> **INSTRUCTIONS TO FOLLOW**
Leaving out the images, please reproduce each line below exactly.

> **RECORDED DATA**
········
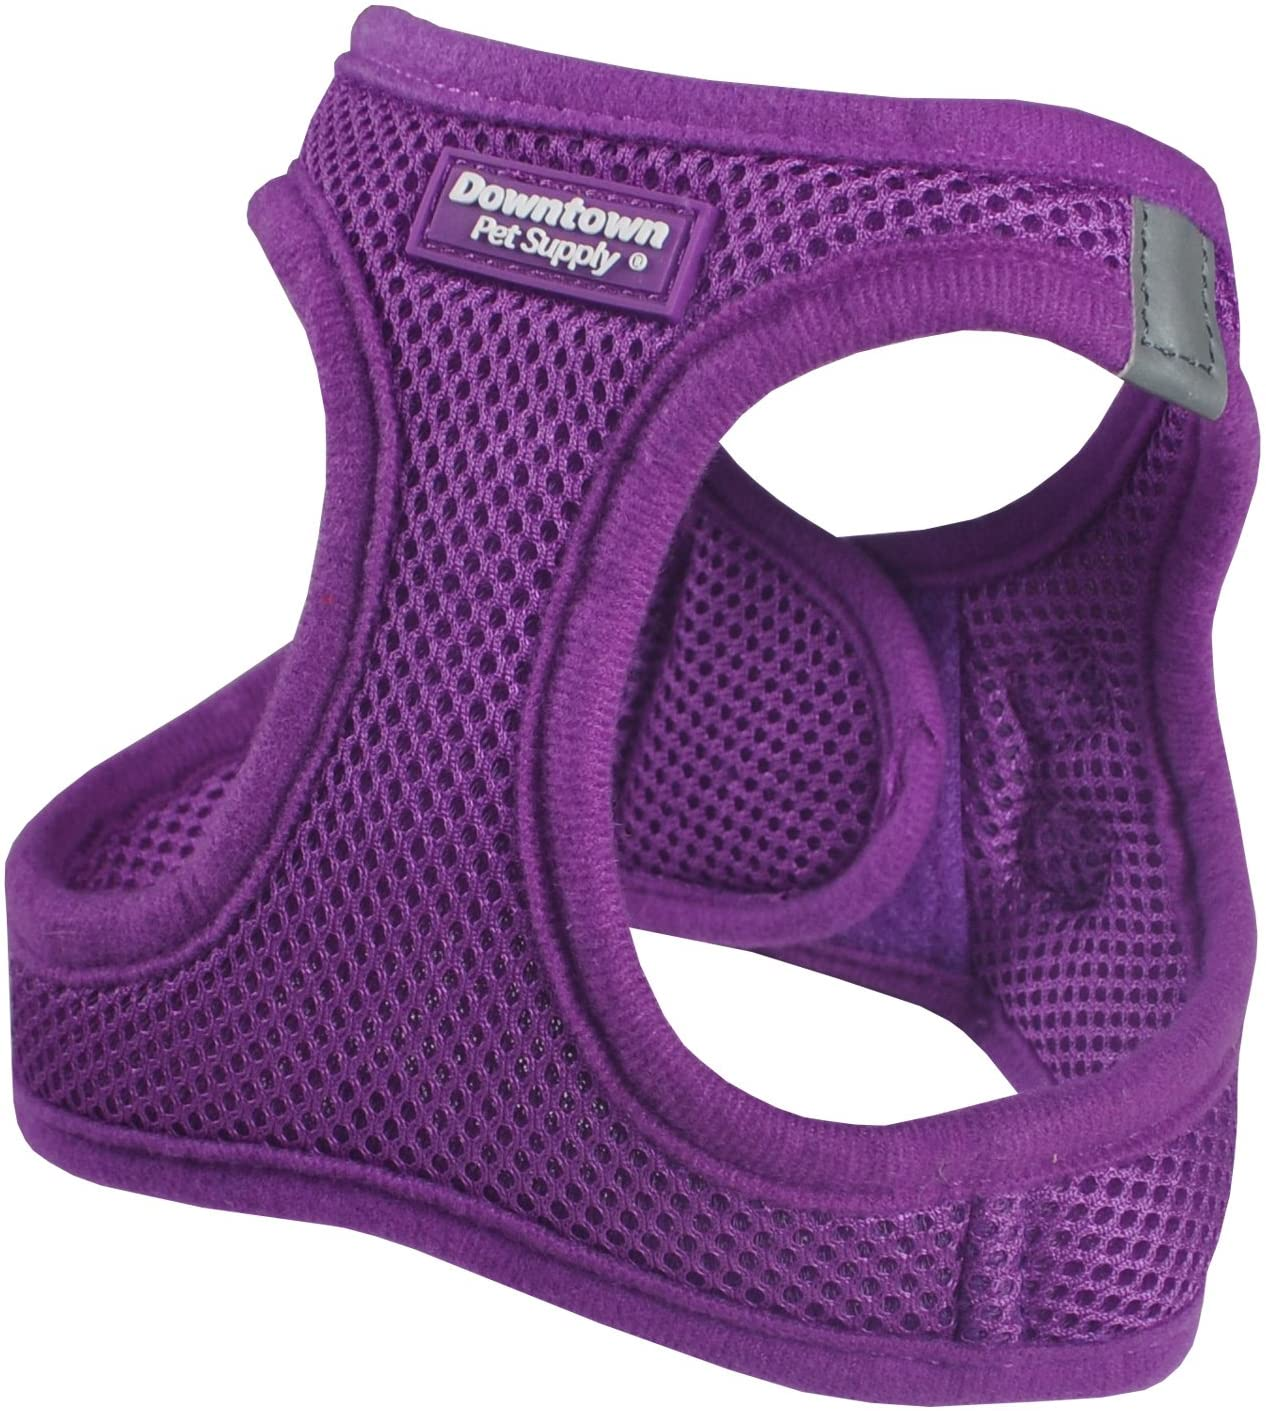 Downtown Pet Supply - Dog Harness for Small, Medium and Large Dogs No-Pull - Step in Dog Harness - Padded Mesh Fabric Dog Vest with Reflective Trim, Velcro and Buckle Straps
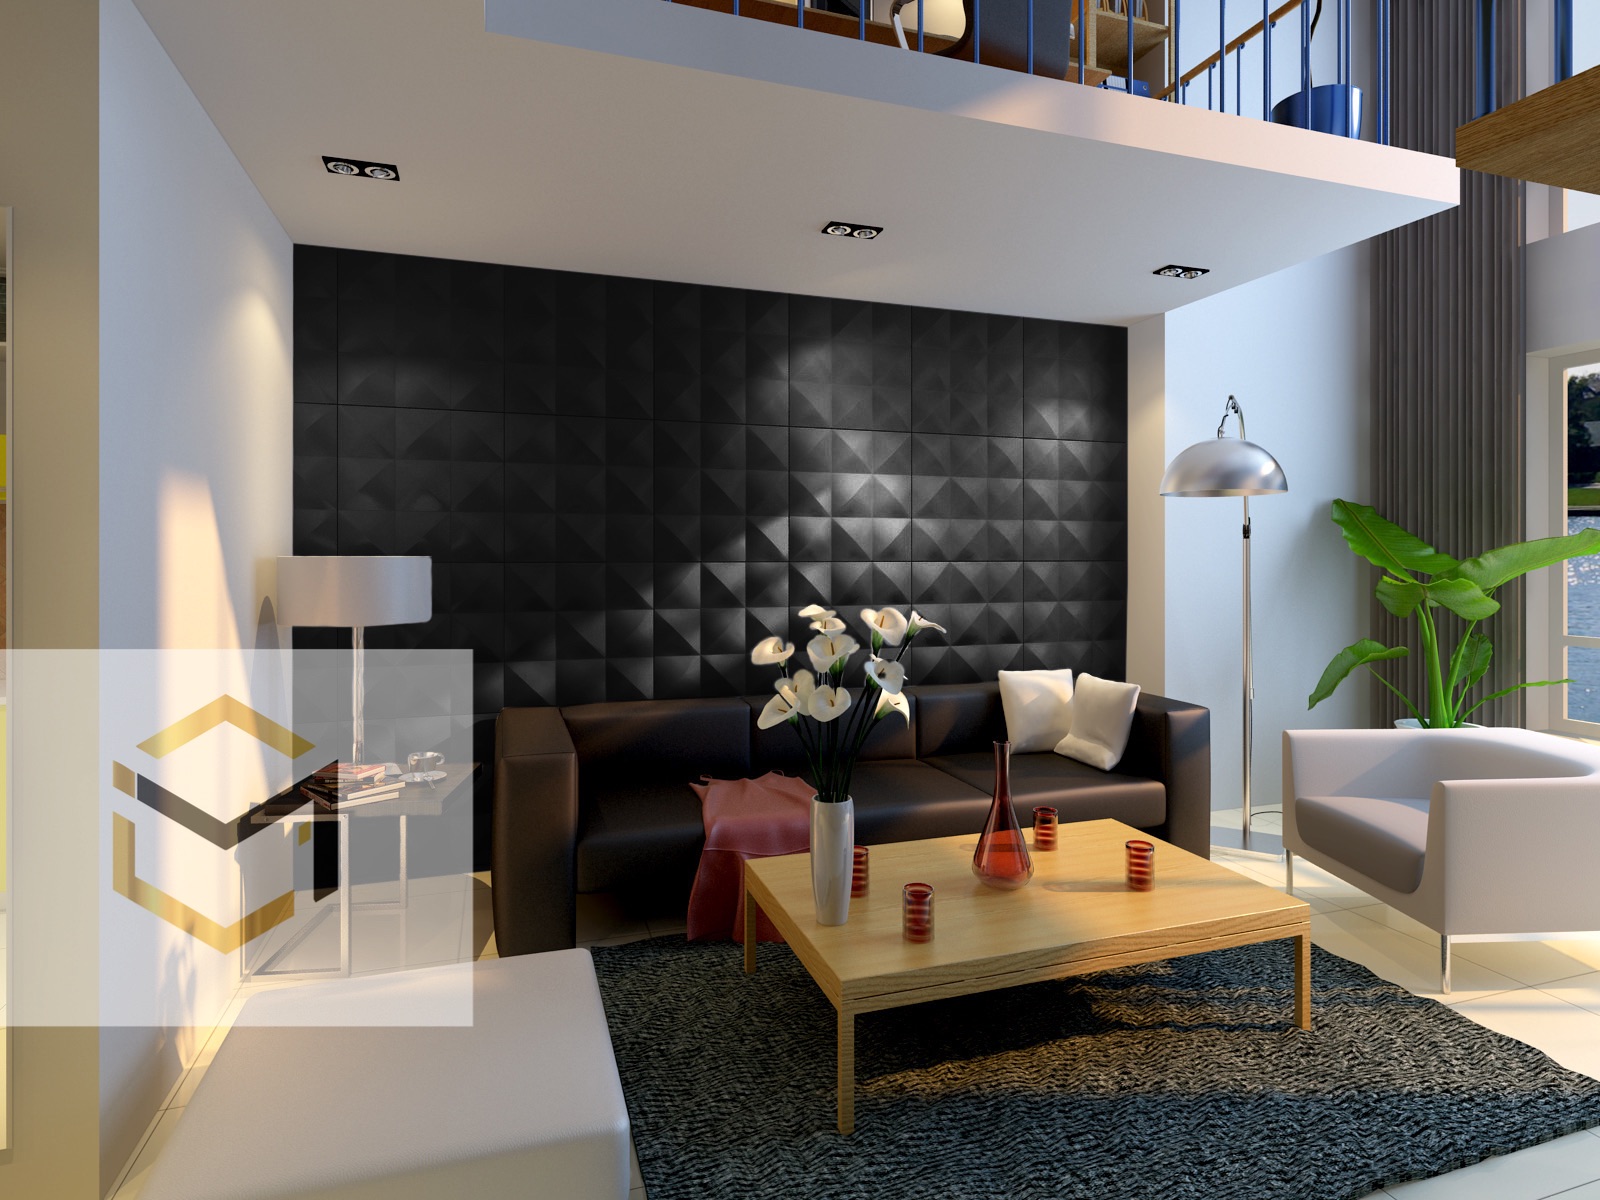 Sound absorption acoustic panels in living room
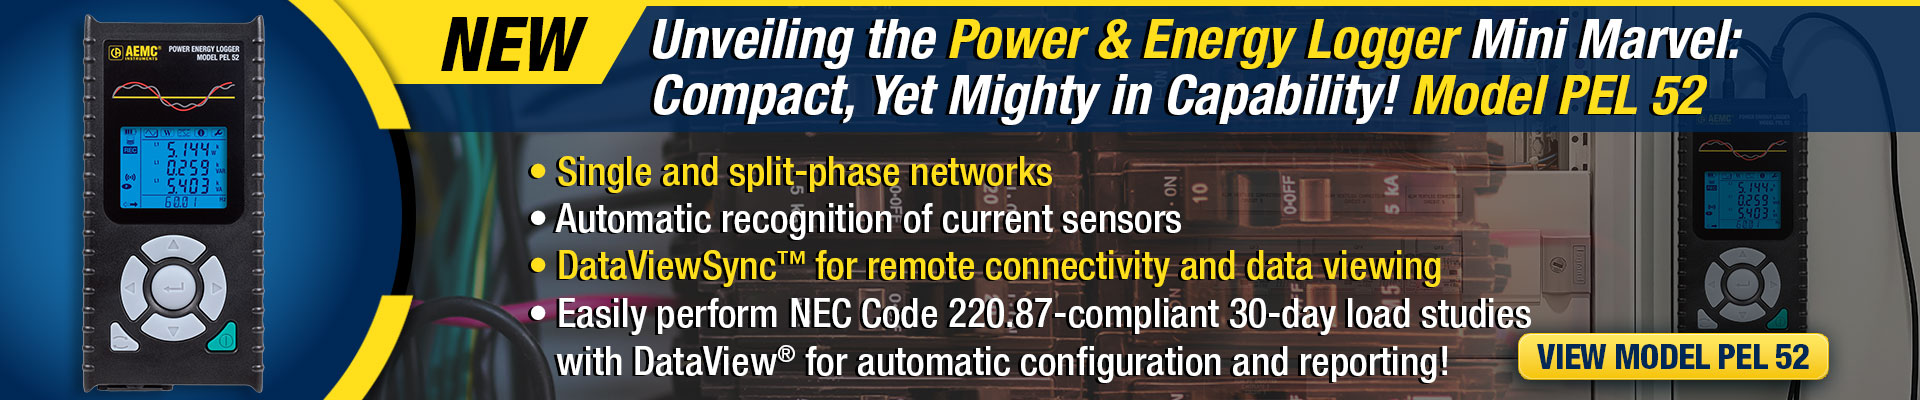 Announcing our latest Compact but Powerful Power and Energy Logger - PEL 52!
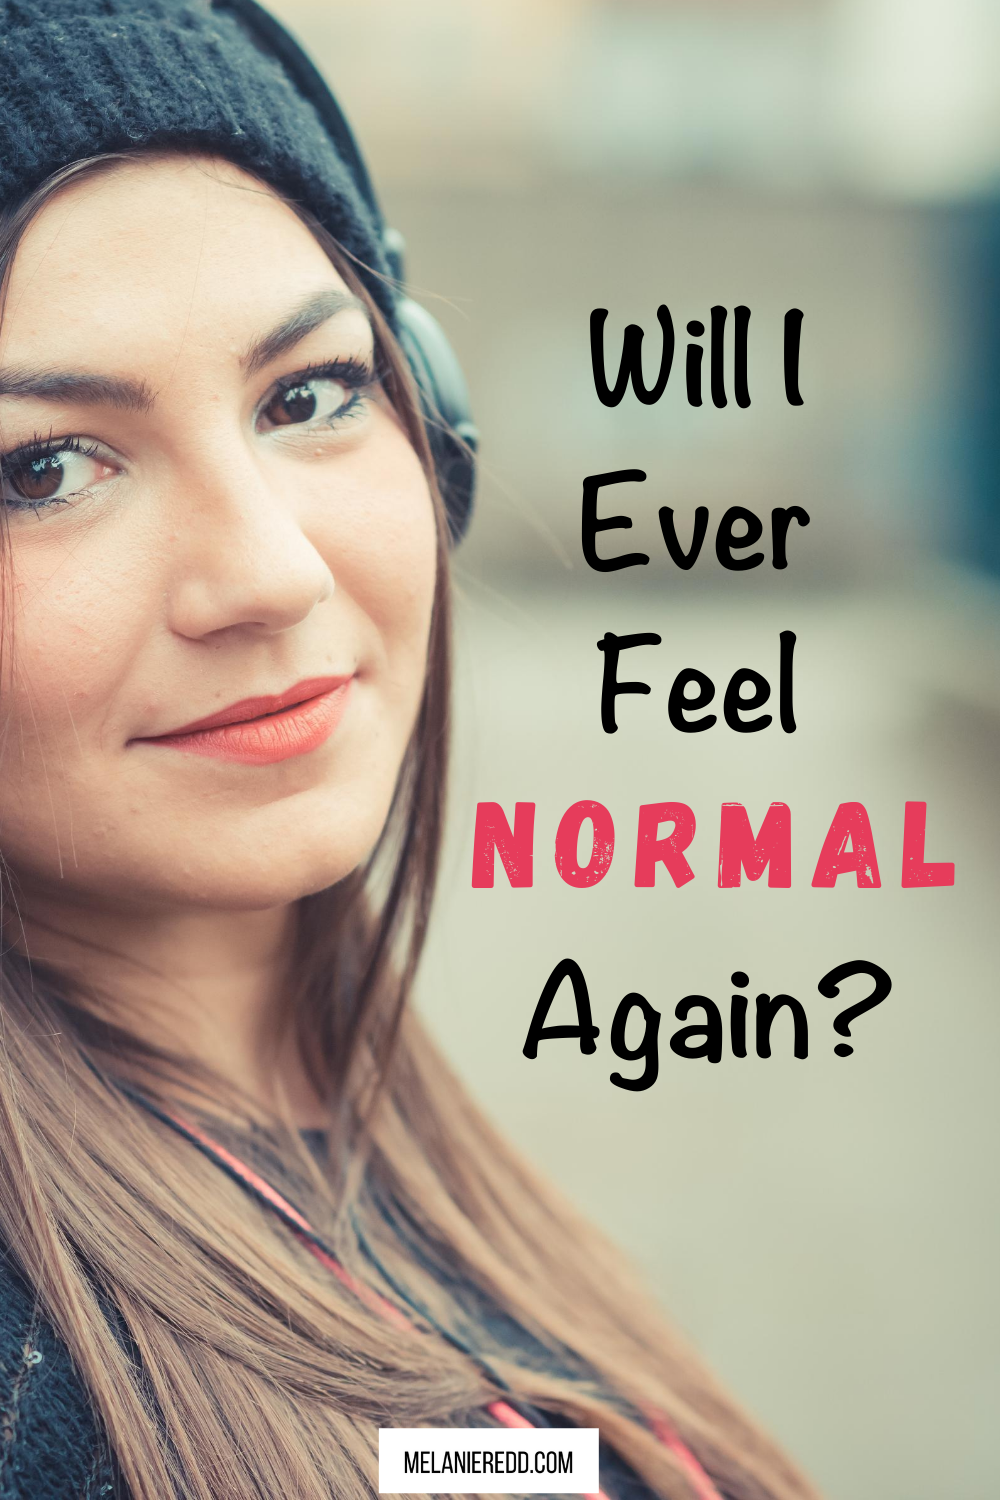 Do you find yourself wondering, Will I Ever Feel Normal Again? Whoever thought that feeling normal would be something we’d desire! But, we are living in that day. Why not drop by to get some very practical tips on how to bring aa little normalcy back into your world? #normal #normalcy #normalagain #regularlife #feelbetter
········
> **RESPONSE BELOW**
 Downtown Pet Supply - Dog Harness for Small, Medium and Large Dogs No-Pull - Step in Dog Harness - Padded Mesh Fabric Dog Vest with Reflective Trim, Velcro and Buckle Straps
 Sound absorption acoustic panels in living room
 Announcing our latest Compact but Powerful Power and Energy Logger - PEL 52!
 Do you find yourself wondering, Will I Ever Feel Normal Again? Whoever thought that feeling normal would be something we’d desire! But, we are living in that day. Why not drop by to get some very practical tips on how to bring aa little normalcy back into your world? #normal #normalcy #normalagain #regularlife #feelbetter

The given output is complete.